→ **What is being asked**: Drop every picture, then transcribe the remaining data exactly.

→ **Information shown**:
..........
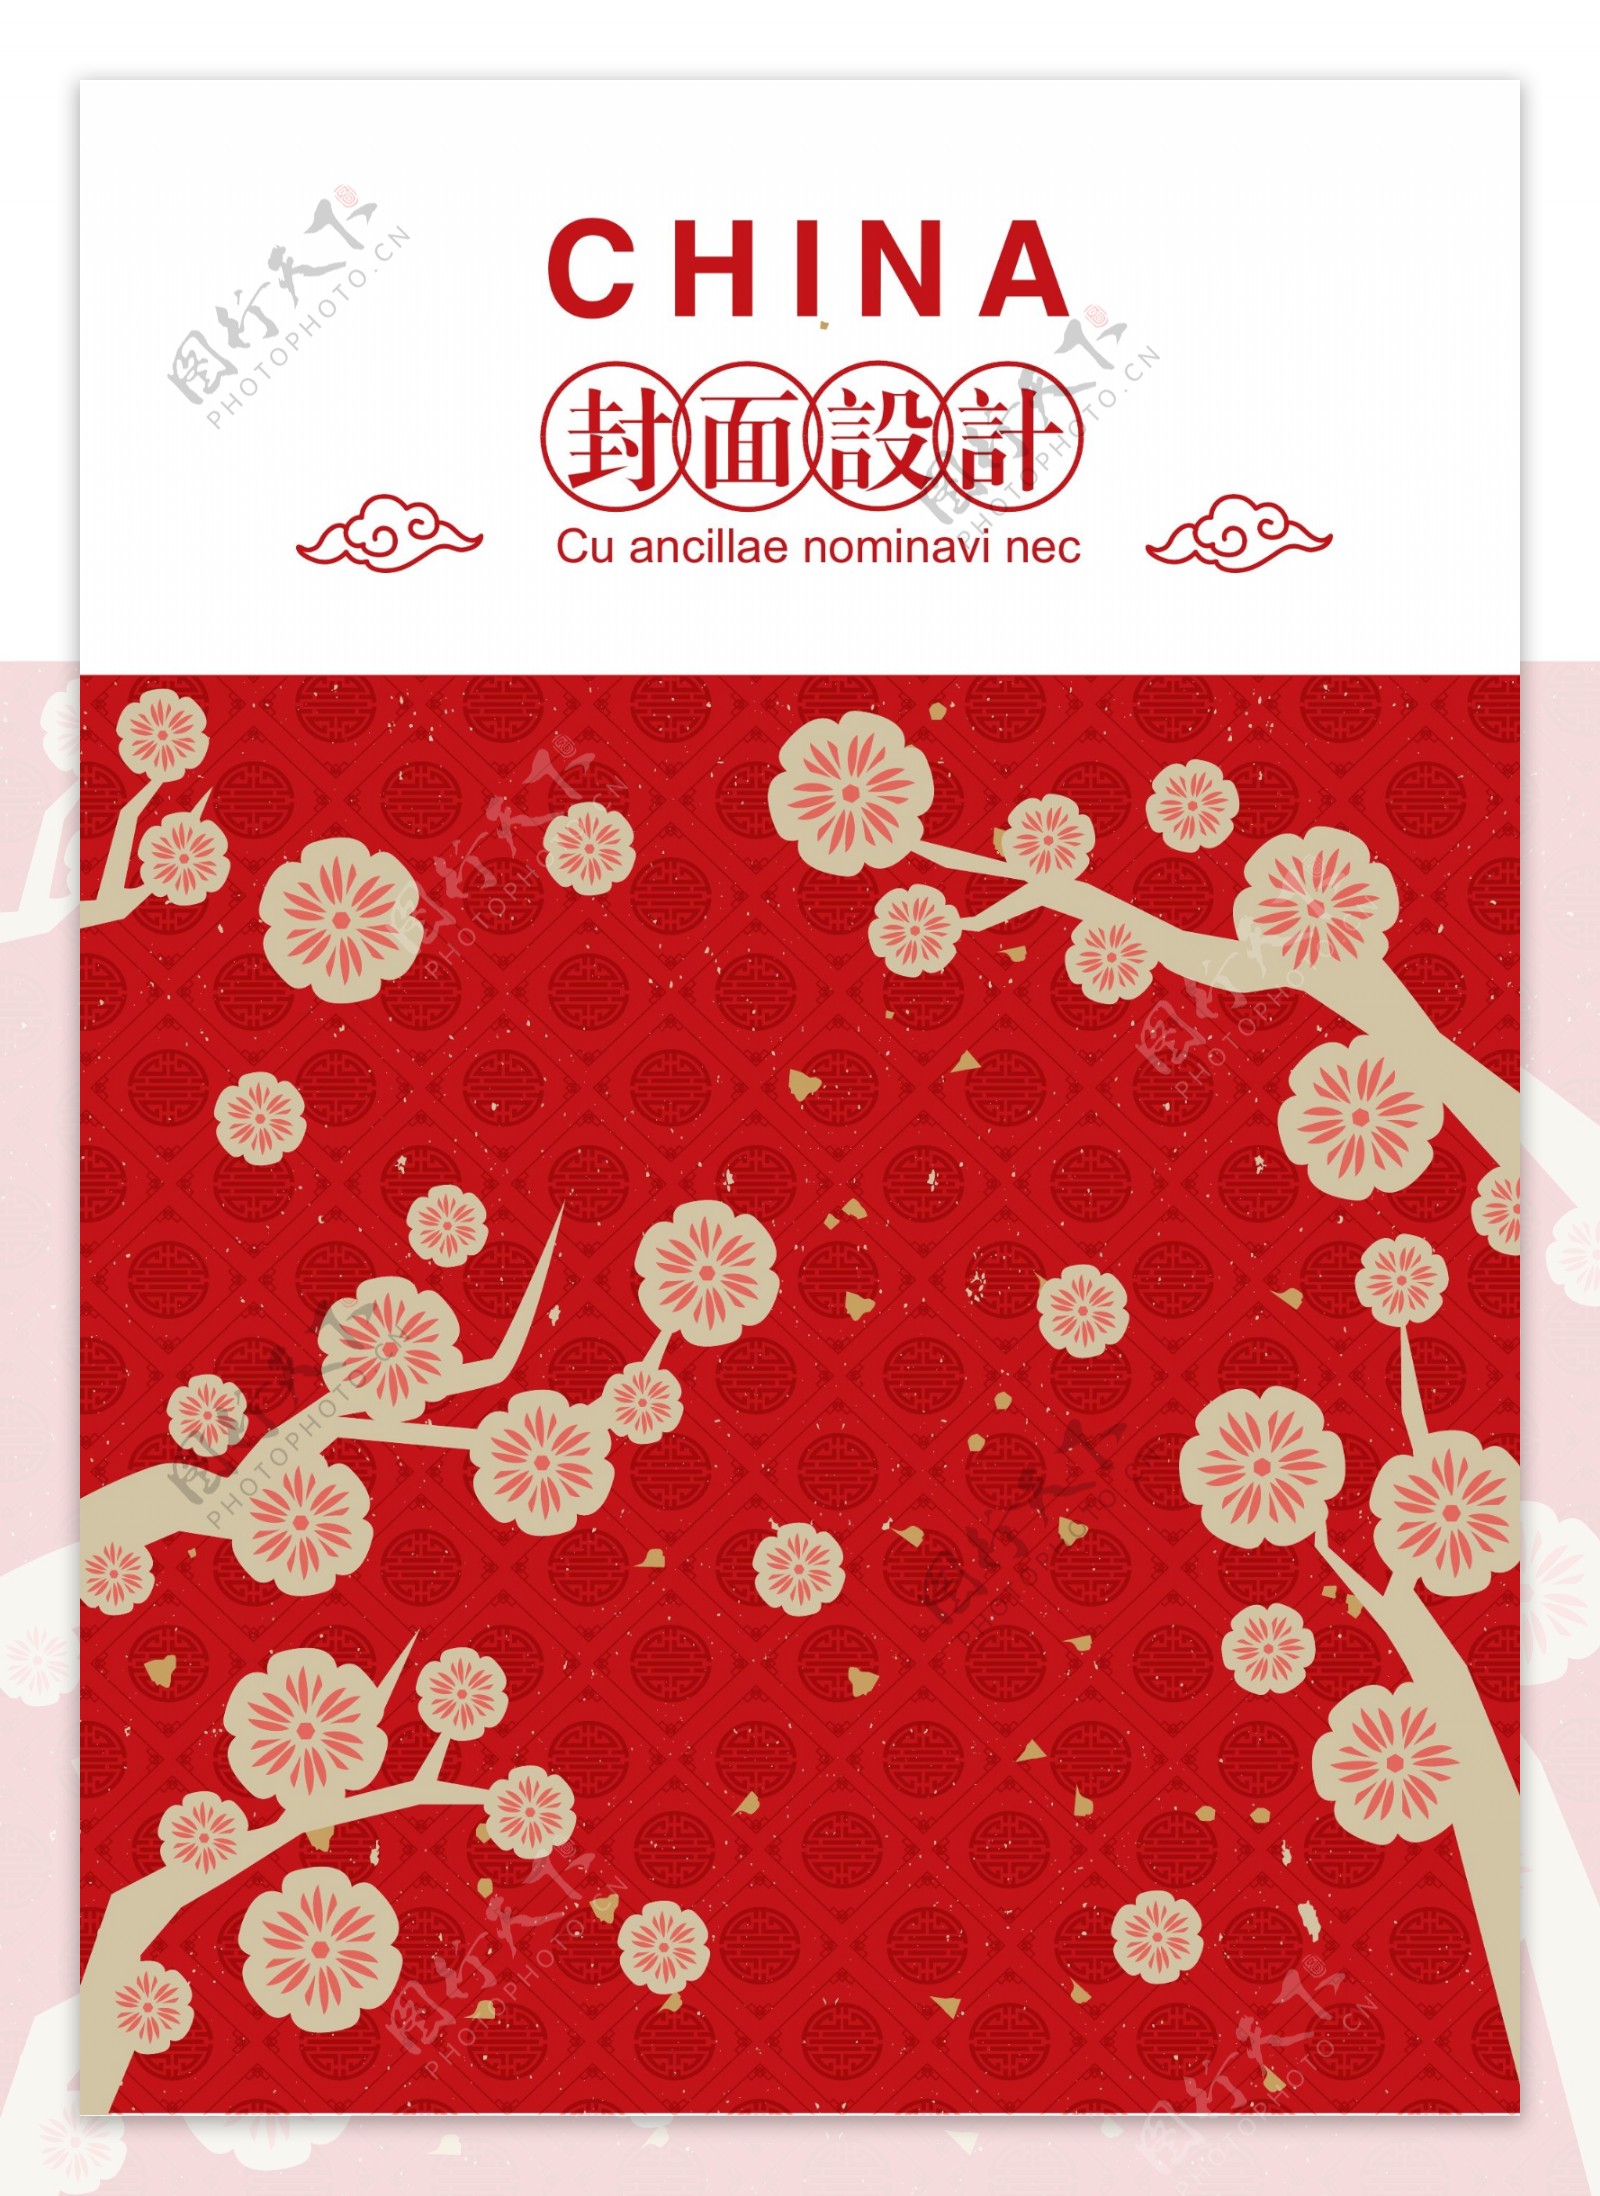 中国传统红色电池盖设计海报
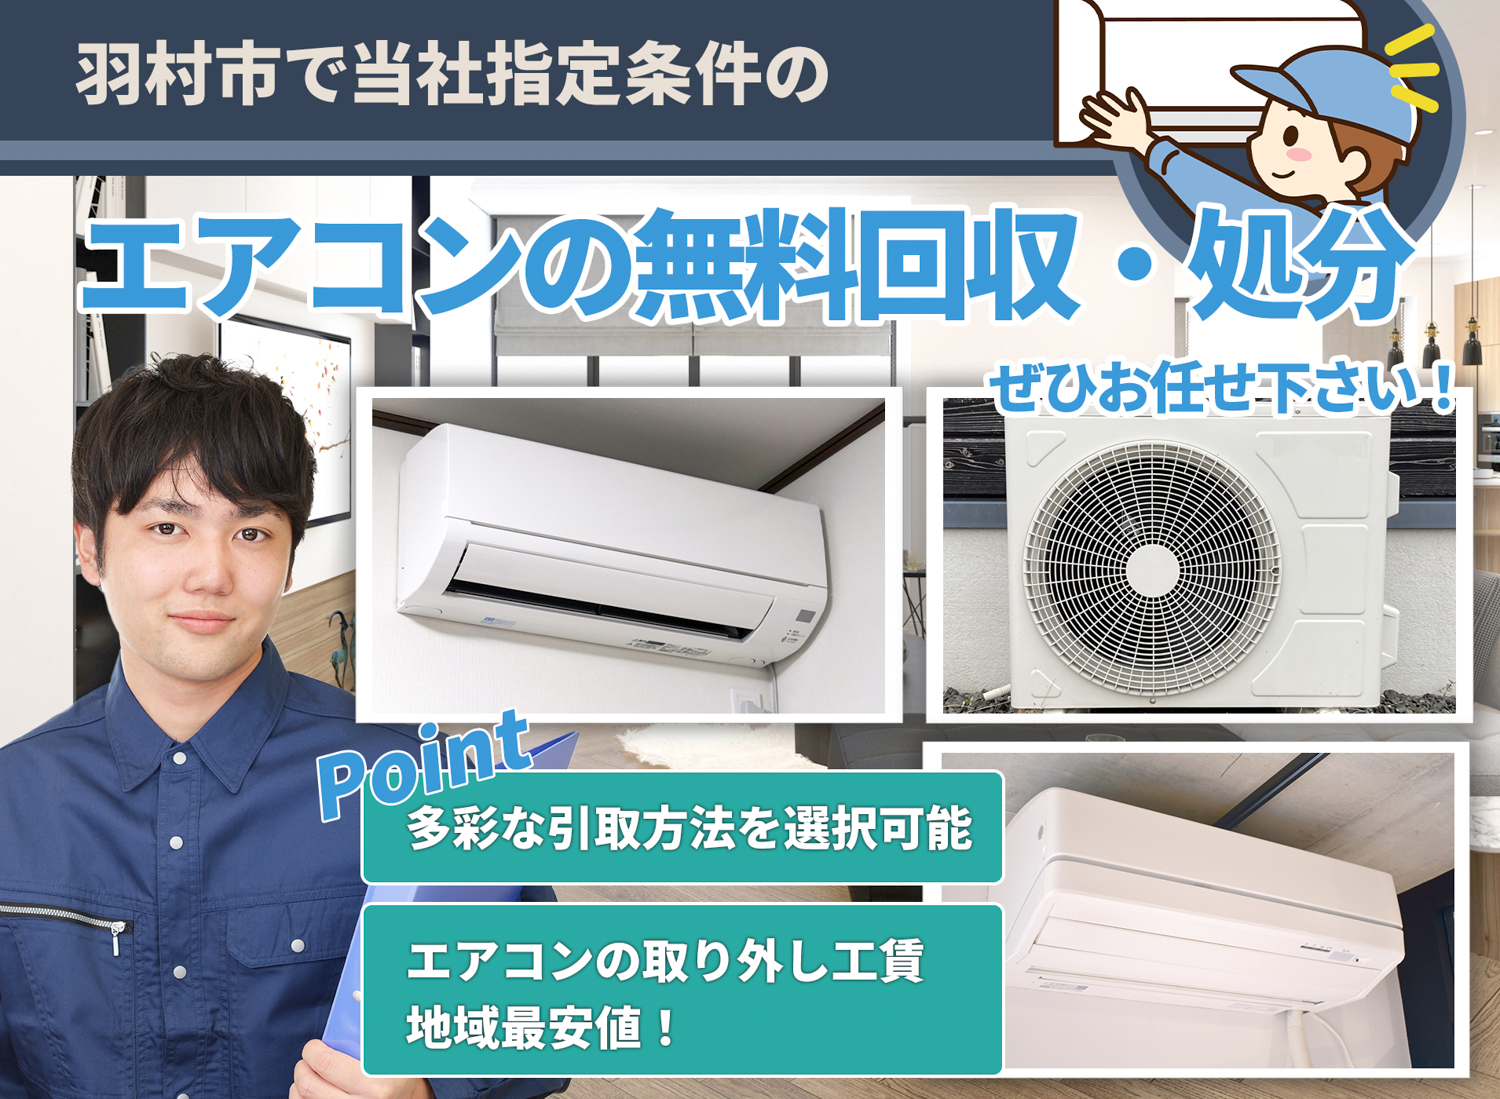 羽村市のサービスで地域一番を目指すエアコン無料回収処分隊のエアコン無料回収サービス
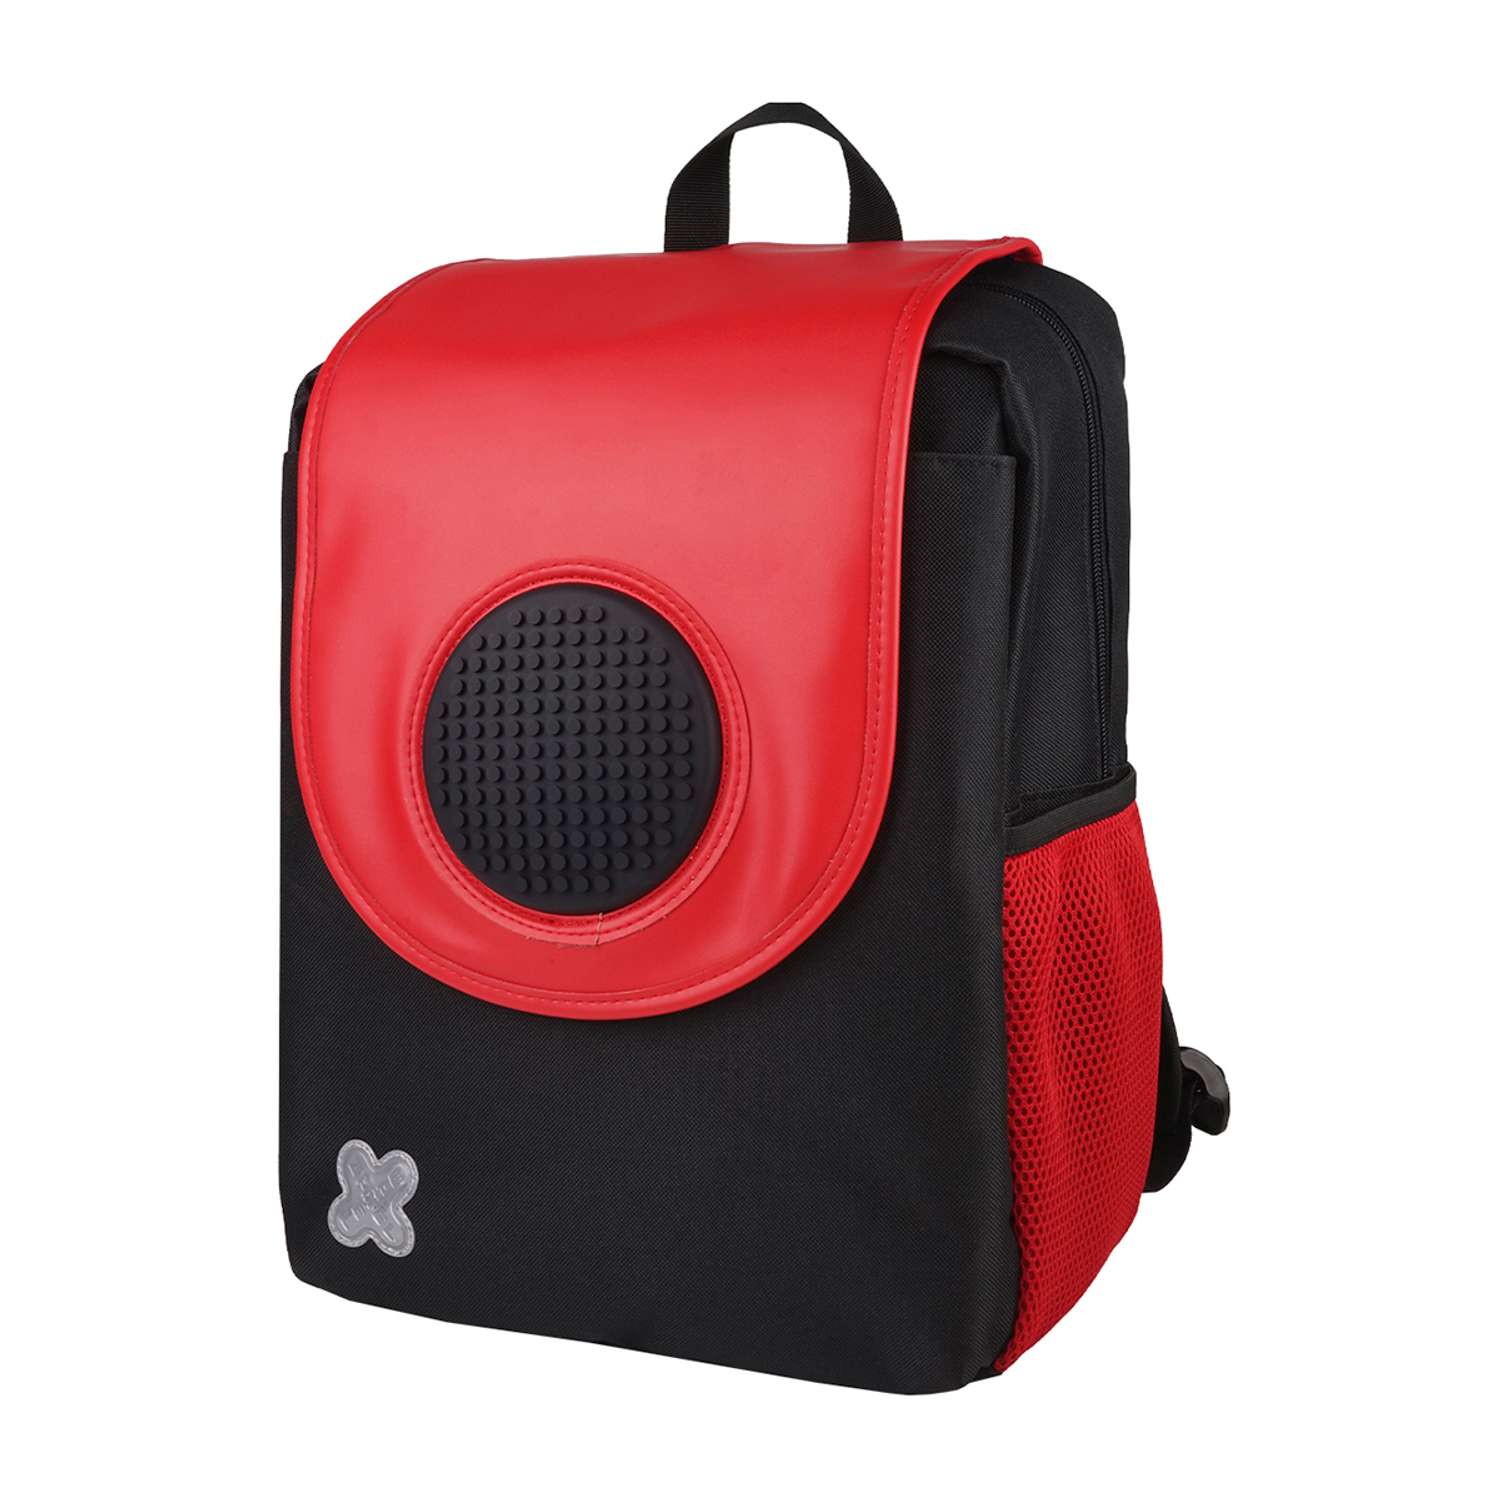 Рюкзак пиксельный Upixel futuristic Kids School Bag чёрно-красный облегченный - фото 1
..........
→ **Expected output**:
 中国传统红色电池盖设计海报
 羽村市のサービスで地域一番を目指すエアコン無料回収処分隊のエアコン無料回収サービス
 Рюкзак пиксельный Upixel futuristic Kids School Bag чёрно-красный облегченный - фото 1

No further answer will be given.